Minus phi-nodes, loads, and intrinsic calls, it could be: look at the 
directed graph where %a -> %b if %a is an operand of the instruction 
that defines %b. Take all nodes of that graph that do not have predecessors.

But I fear that this path leads to eternal fuzziness. Let me try a 
completely different approach to define what we need by augmenting the 
semantics of IR with "divergence tokens". In addition to its usual 
value, every IR value carries a "divergence set" of divergence tokens.

The basic rule is: the divergence set of a value is (at least) the union 
of the divergence sets of its operands.

Every function input carries a unique divergence token.

For phi-nodes, the divergence set also includes the branch conditions 
that can affect which predecessor value is taken. (A simpler, more 
conservative rule, would be to add a unique divergence token; this can 
be per-basic block.)

Loads add a unique divergence token. (This is a very conservative rule 
mostly required for per-thread-allocas. It could be relaxed quite a bit 
by treating per-thread-memory like SSA-values augmented with divergence 
sets.)

Atomic operations add a unique divergence token.

Additional target-specific intrinsics may also add a divergence token.

By transitivity, most function calls have to add a unique divergence token.

The first restriction on the transformation of a call to a function with 
'uniform' function argument is then:

1. The corresponding argument of the call can be changed only if the 
change preserves (or shrinks) the divergence set (on top of that, the 
new value obviously has to be equal to the old one in single threaded 
semantics).

With this definition,

def @fn(s0, s1, cond) {
   v0 = texelFetch(s0, ...)
   v1 = texelFetch(s1, ...)
   v = select i1 cond, v0, v1
}

cannot be transformed to

def @fn(s0, s1, cond) {
   s = select i1 cond, s0, s1
   v = texelFetch(s, ...)
}

because s has a larger divergence set.

On the other hand, at least the InstCombine transforms should all be 
safe because they locally transform a DAG of values in a way that can 
only shrink the set of predecessors of the locally transformed region of 
the DAG.

Transforms that modify the CFG could be problematic especially with the 
simpler phi-node-rule, e.g. when a new basic block is created, you end 
up introducing new divergence tokens for "downstream" values.
That's
probably not a problem with the first definition for phi-nodes, though 
I'm not sure.

.....
The above definition still allows the transformation of

   masked &= 1
   if (masked == 1) {
     v1 = texelFetch(array[masked], ...)
   } else {
     v0 = texelFetch(array[masked], ...)
   }
   v = phi(v1, v0)

to

   masked &= 1
   v = texelFetch(array[masked], ...);

which is incorrect. So for a set of divergence tokens D, let's say A 
D-dominates B if the following holds: there exists a way of fixing the 
branching directions of conditional branches whose condition's 
divergence set is disjoint from D, such that A dominates B in the 
resulting CFG. Similarly for D-post-domination.
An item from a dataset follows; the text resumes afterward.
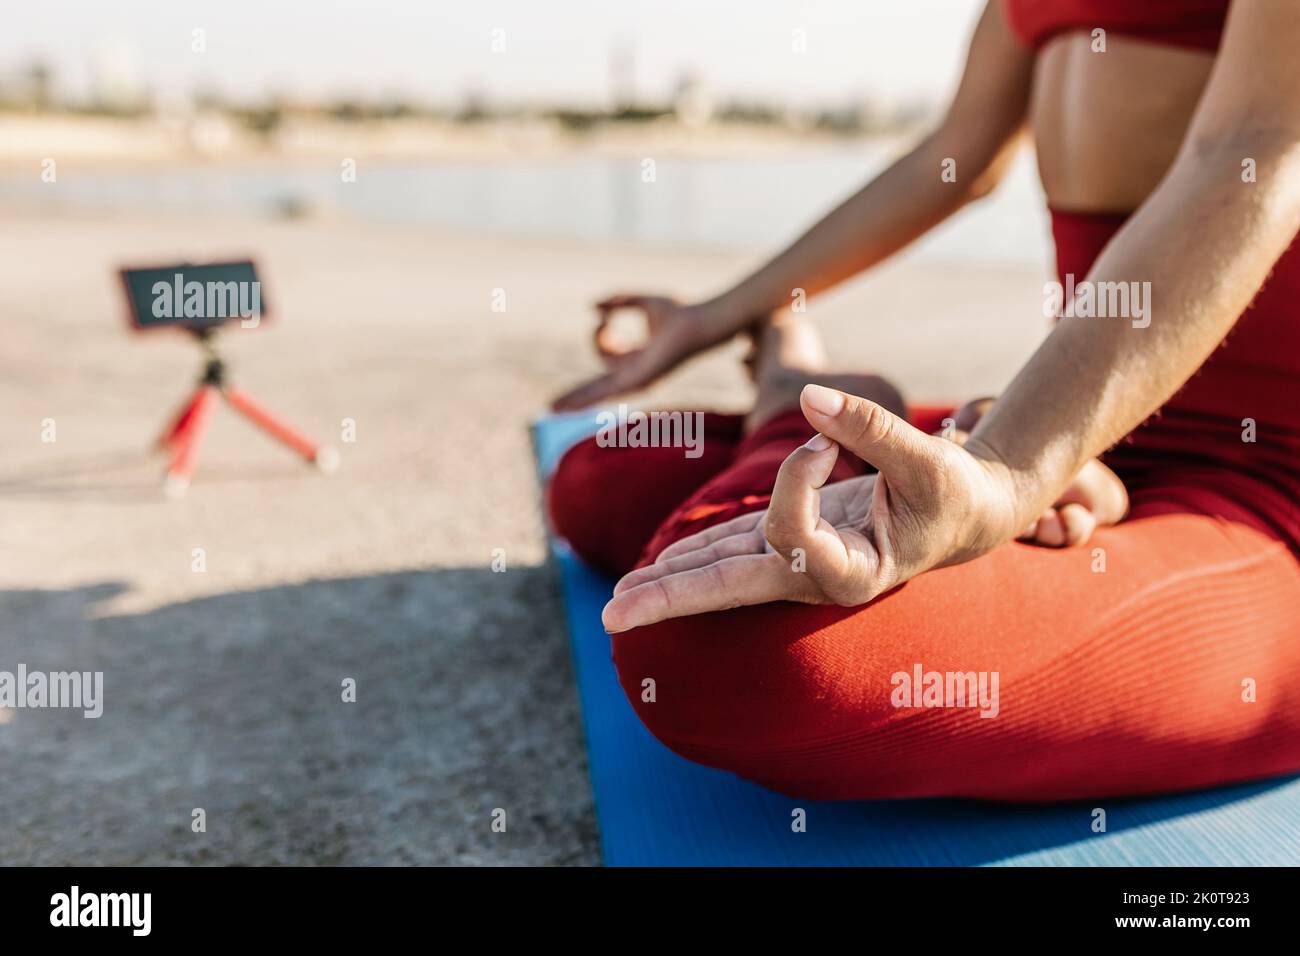 Erwachsene Frau, die Video-Tutorial des Yoga-Kurses auf dem Mobiltelefon aufzeichnet - Yoga Virtual Fitness class concept Stockfoto
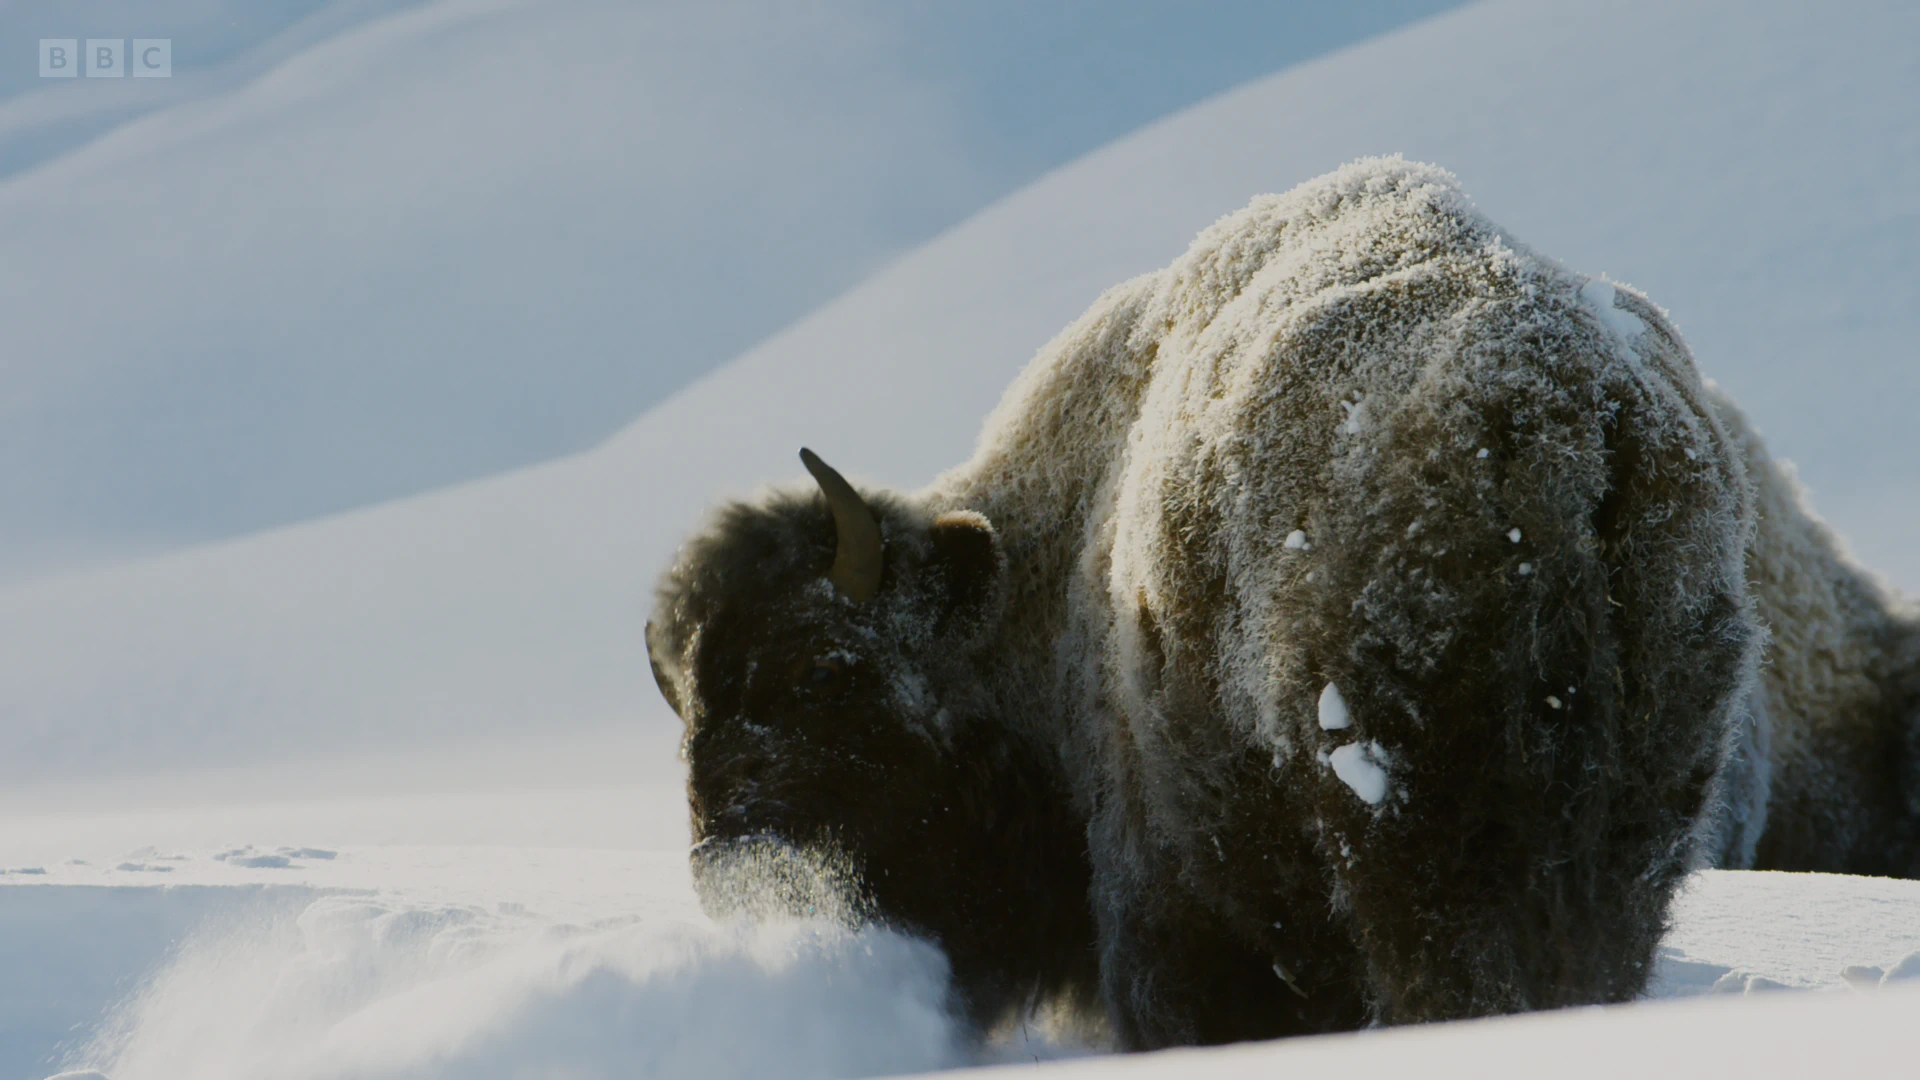 Plains bison (Bison bison bison) as shown in Planet Earth II - Grasslands

If D \subset D', then D'-domination implies D-domination.

We can then formulate the second condition as:

2a. A function call with a uniform argument with divergence set D can be 
moved from location A to location B if A D-dominates or D-post-dominates B.

2b. Simpler but more conservatively, just treat the function call as 
co-convergent (i.e., it can only be moved to positions that are 
dominated or post-dominated by its current position in the usual sense.)

.....
The full definition of D-domination is probably too involved to be 
turned into practical algorithms. But with this model of divergence 
sets, it should be possible to think of DivergenceAnalysis as an 
analysis that proves divergence sets of values to be empty (using 
additional target specific information to be less conservative). 
Combined with DivergenceAnalysis, (1)+(2a) still leave room for some 
useful and practical optimizations of functions with uniform arguments 
even across basic blocks.

In practical terms for a first version, the effect of the attribute 
should just be to prevent the two transformations shown above.

Thanks,
Nicolai

Nicolai Hähnle via llvm-dev

2016-Oct-26 14:54 UTC

head link

[llvm-dev] RFC: (Co-)Convergent functions and uniform function parameters

On 25.10.2016 16:28, Nicolai Hähnle wrote:> But I fear that this path leads to eternal fuzziness. Let me try a
> completely different approach to define what we need by augmenting the
> semantics of IR with "divergence tokens". In addition to its
usual
> value, every IR value carries a "divergence set" of divergence
tokens.
>
> The basic rule is: the divergence set of a value is (at least) the union
> of the divergence sets of its operands.
>
> Every function input carries a unique divergence token.
>
> For phi-nodes, the divergence set also includes the branch conditions
> that can affect which predecessor value is taken. (A simpler, more
> conservative rule, would be to add a unique divergence token; this can
> be per-basic block.)
>
> Loads add a unique divergence token. (This is a very conservative rule
> mostly required for per-thread-allocas. It could be relaxed quite a bit
> by treating per-thread-memory like SSA-values augmented with divergence
> sets.)
>
> Atomic operations add a unique divergence token.
>
> Additional target-specific intrinsics may also add a divergence token.
>
> By transitivity, most function calls have to add a unique divergence token.
>
> The first restriction on the transformation of a call to a function with
> 'uniform' function argument is then:
>
> 1. The corresponding argument of the call can be changed only if the
> change preserves (or shrinks) the divergence set (on top of that, the
> new value obviously has to be equal to the old one in single threaded
> semantics).
Turns out that this isn't actually sufficient. Consider this (admittedly 
convoluted) example:

    idx = input & 1
    v0 = texelFetch(s[idx & 0], ...)
    v1 = texelFetch(s[idx | 1], ...)
    cond = trunc idx to i1
    v = select i1 cond, v1, v0

transformed into

    idx = in & 1
    v = texelFetch(s[idx], ...)

has the same divergence set for the argument to texelFetch as defined in 
the quote above, but the transformation is incorrect.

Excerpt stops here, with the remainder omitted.